Moving on. Sadly, I never completely connected with Lexi and that’s unfortunate. There were too many unexplained happenstances (in that Mary Sue way) that bothered me and I found my suspension of disbelief was too taxed here for me to just give in. I had too many plot relevant questions that upon finishing the book, still hadn’t been answered and while I know not everything is answered in the first book of a series, they do usually serve to set the stage in a more cogent & coherent way. This book just tossed things out and kept moving. Admittedly, it made for a page turner but the questions & logic niggles just kept stacking up.
It was also very clear from the first that Cole was going to become “the love interest”. I can deal with telegraphing but I do still need the character to have some kind of depth and personality. For the life of me, I’ve no idea who Cole is other than “the love interest”. I can see, in a way, why Lexi, his charge, would fall for him. He saves her life, he’s in a position of protector and authority, he’s more knowledgeable about this hell hole she’s been banished to and he’s the only other human contact she has when this sets off. Why he falls for her so quickly and completely is a conundrum. The whole romance angle fell completely flat for me and I felt none of the angst that I know I was supposed to. Here’s the thing about insta-love: There are instances where it can work for me but only after I’ve been given time and reason enough to care a lot for the characters (or even one of them). If I’ve not got that, then they can proclaim from the first page to the last and it’ll still feel empty for me. Lexi and Cole had all of the proclamations and none of the feels.

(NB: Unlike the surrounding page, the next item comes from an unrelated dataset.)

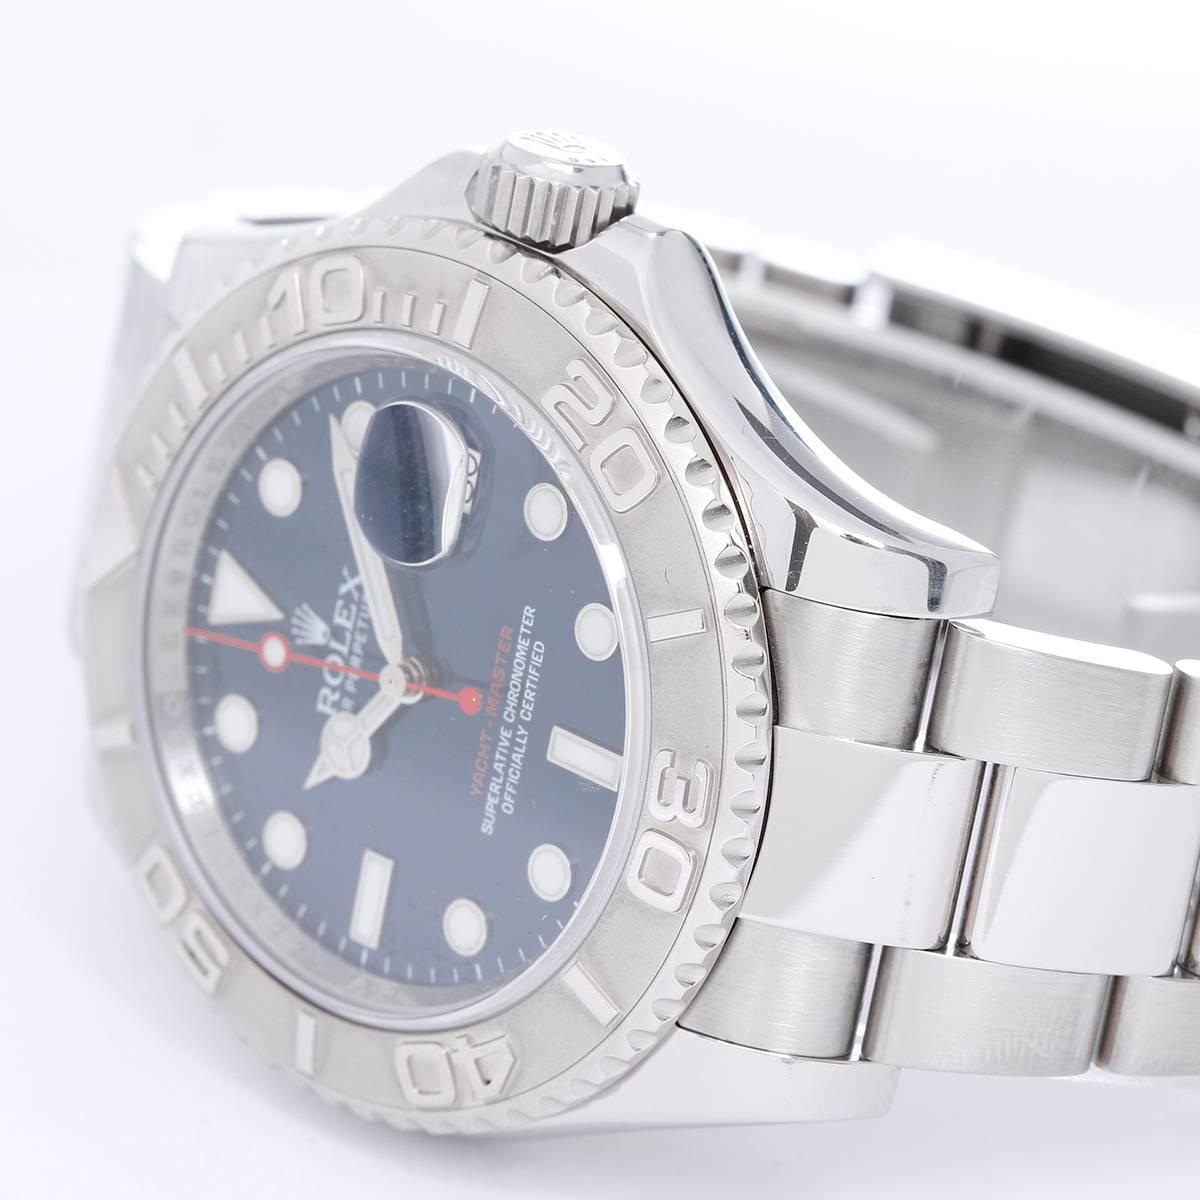 Rolex Yacht-Master Men's Stainless Steel Watch 116622 - Automatic winding, 31 jewels, Quickset, sapphire crystal. Stainless steel case with platinum bezel (40mm diameter). Blue dial with luminous markers. Stainless steel Oyster bracelet with updated

On the upside, the descriptions of The Hole & the harrowing things going on were vivid and well done. I think the violence was well done (not a simple thing to pull off) and it was grim and grisly without feeling gratuitous. The action scenes in the second half of the book & especially near the end seemed well done even if I thought it was a little too easy for the mains. I do wish more had been done with the reveal of the Commander (because I’d figured out who it likely was fairly early on) and his fate while well tied off, felt a bit rushed given all that build up. This book is definitely a case of, I came for the characters but stayed for the environs. For me, these instances were the story’s strengths and really held my interest and made me want to know more. Hopefully, there will be more explanation in subsequent books about WWV and how society turned into what is laid out here.
I wouldn’t recommend this to anyone looking for deeply rendered characters but I would recommend this to anyone looking for a fast paced (only in the second half, really), harder edged weekend read. I was given a free copy of this book by the publisher, to read in exchange for my honest review.